**Problem to work on**
The reply is a verbatim copy of the listing below with its images dropped.

══ Supplied material

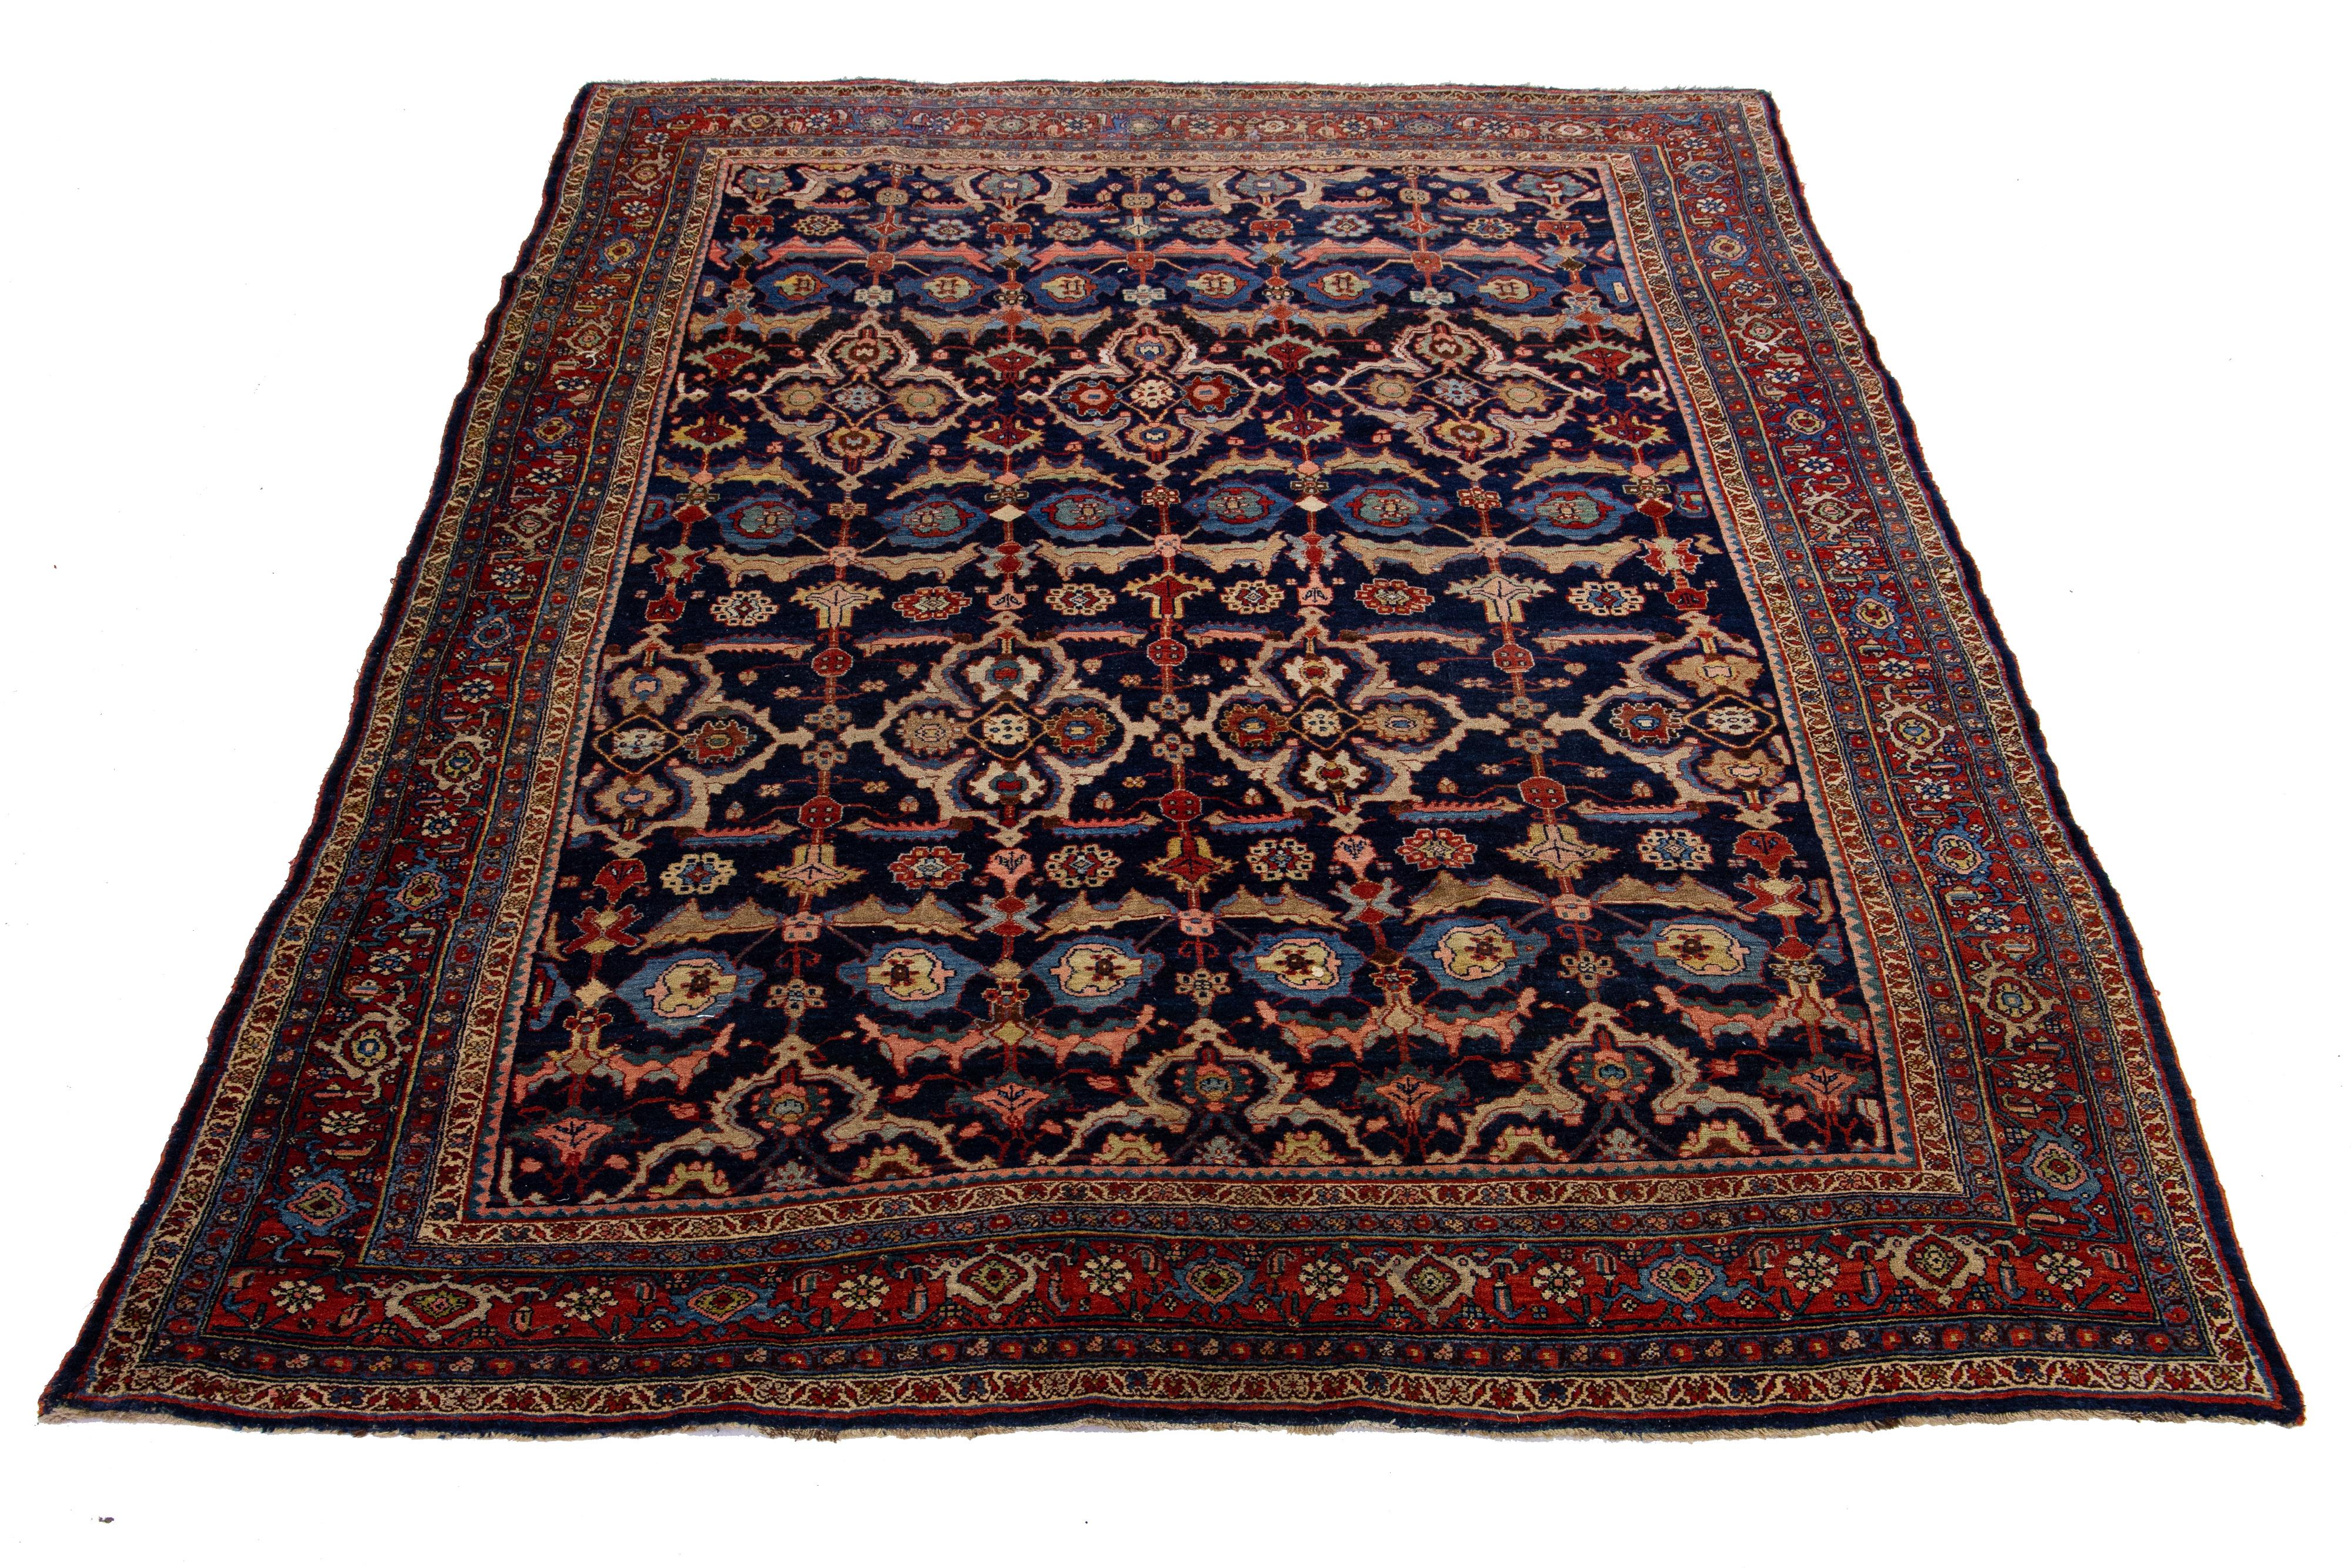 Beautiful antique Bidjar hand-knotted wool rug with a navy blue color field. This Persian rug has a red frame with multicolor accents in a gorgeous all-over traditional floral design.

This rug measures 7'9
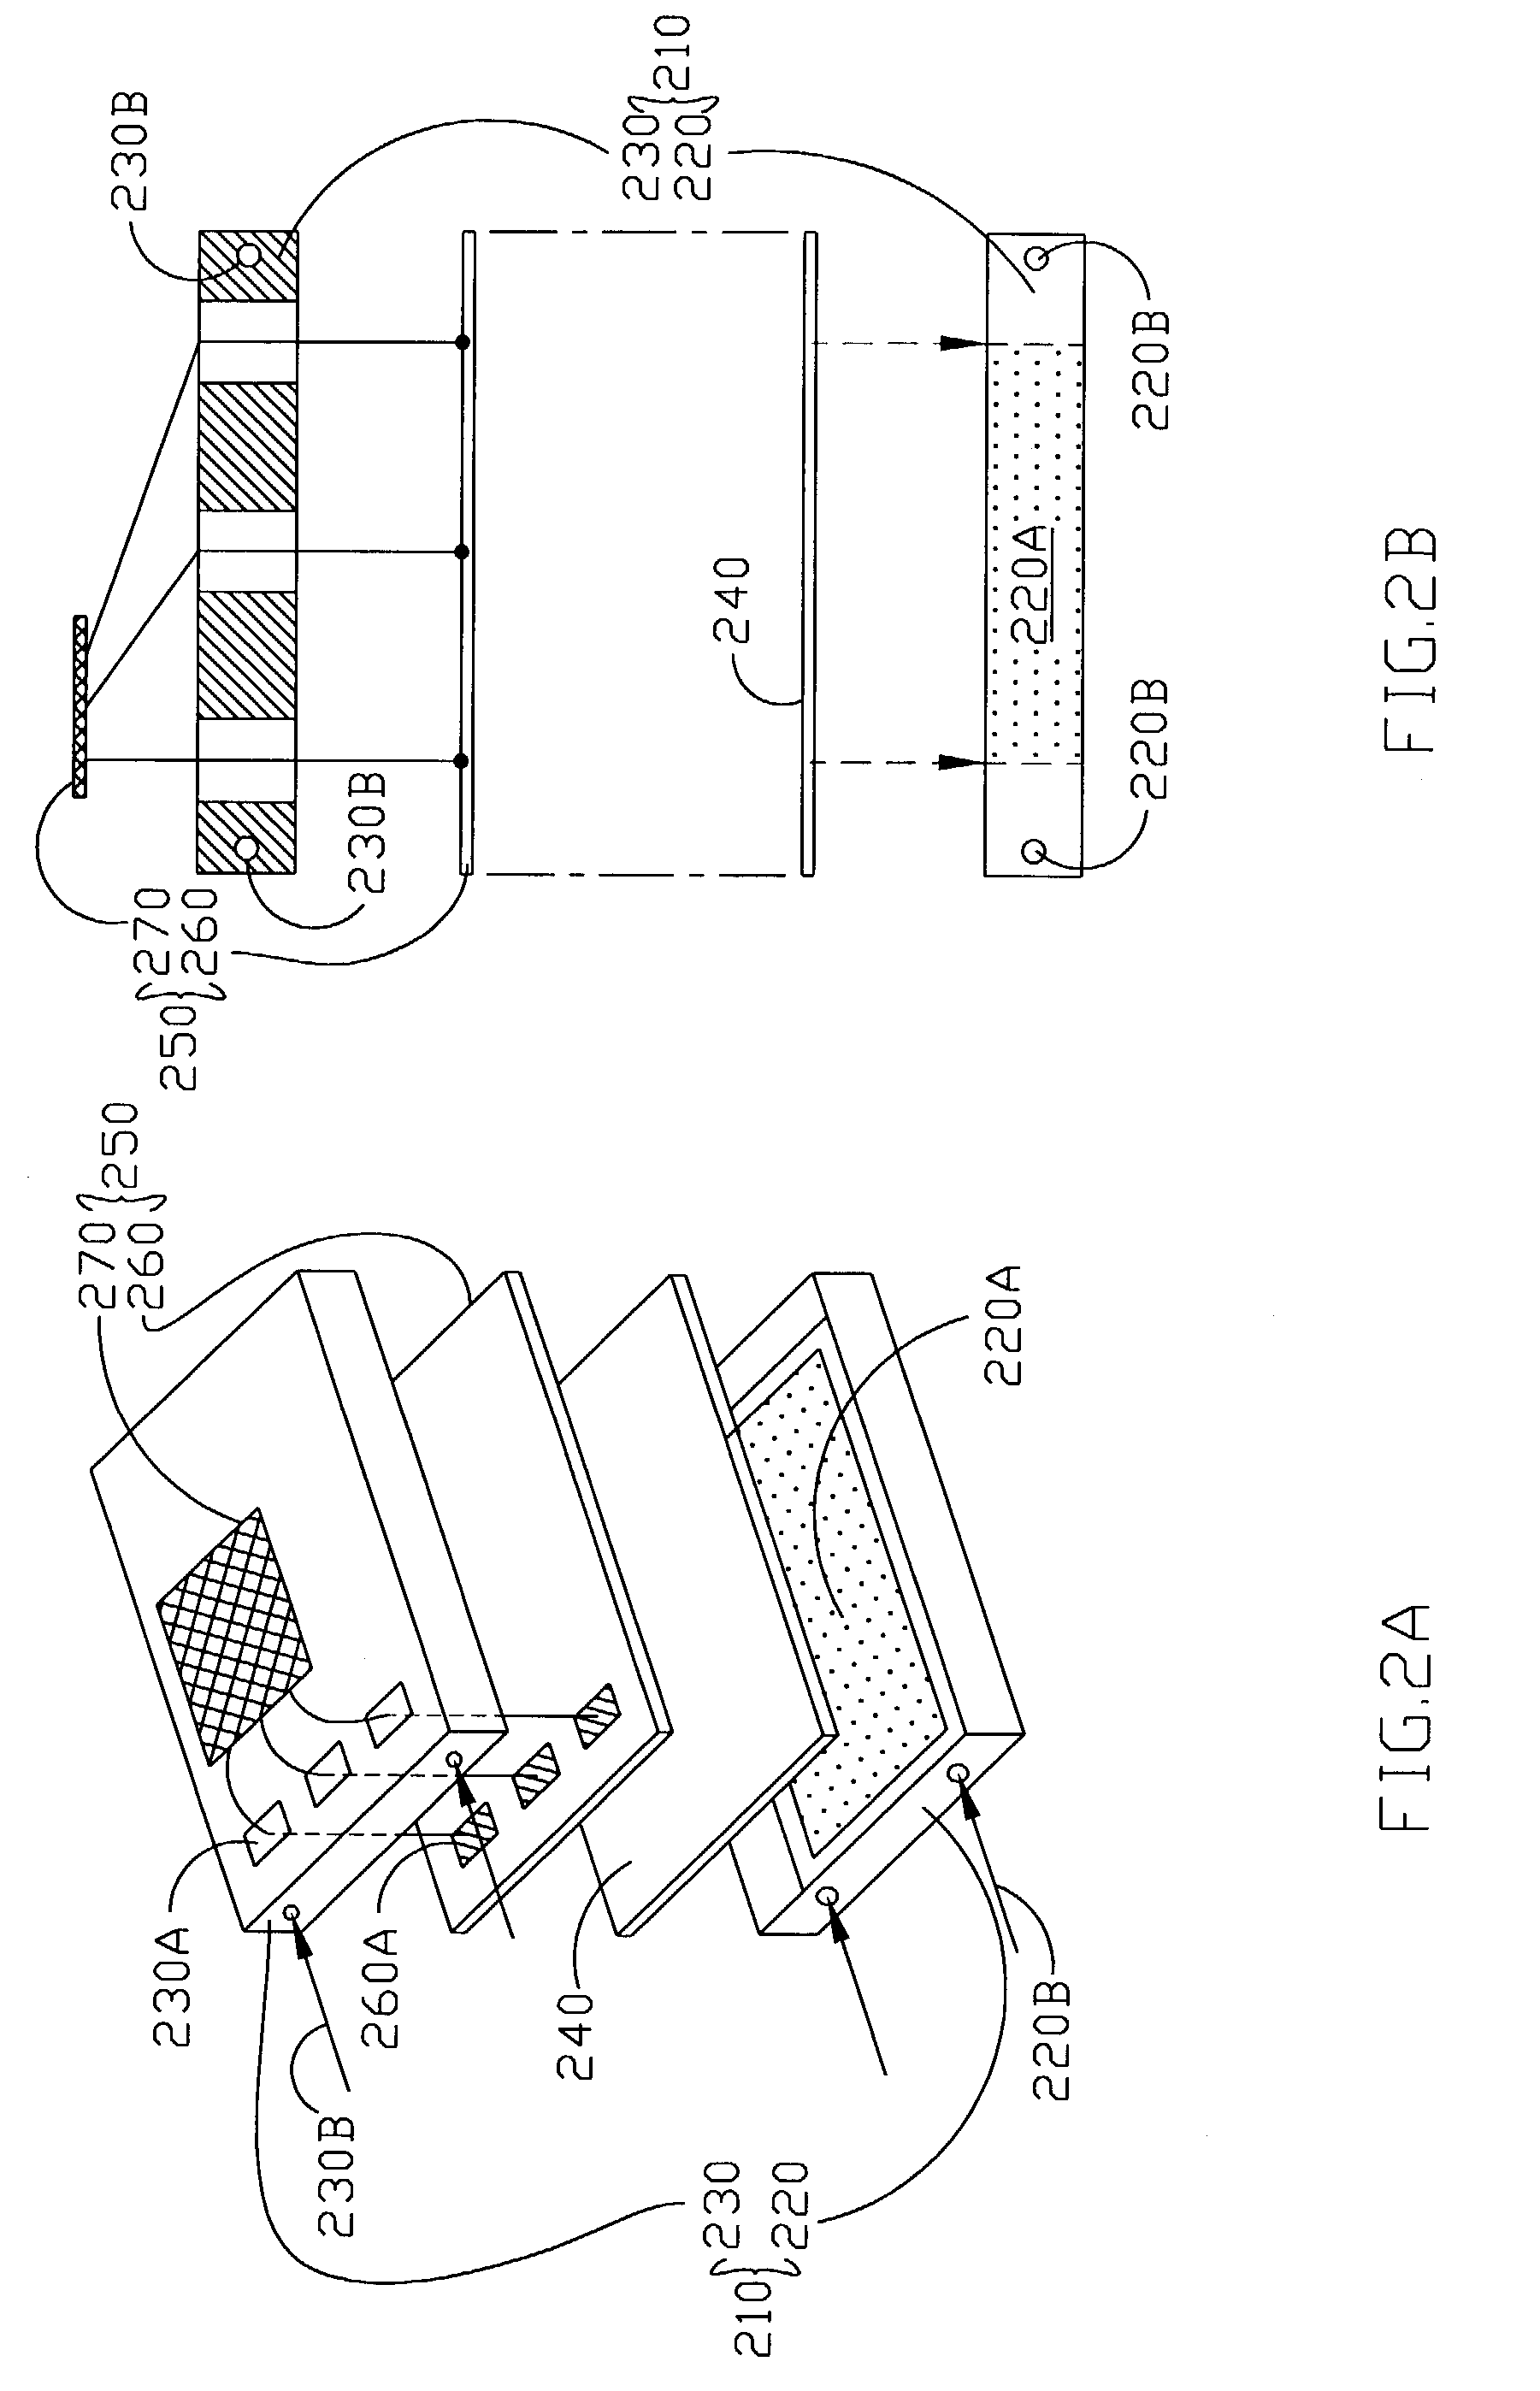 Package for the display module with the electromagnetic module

════

**Solution to this task**
 Beautiful antique Bidjar hand-knotted wool rug with a navy blue color field. This Persian rug has a red frame with multicolor accents in a gorgeous all-over traditional floral design.

This rug measures 7'9
 Package for the display module with the electromagnetic module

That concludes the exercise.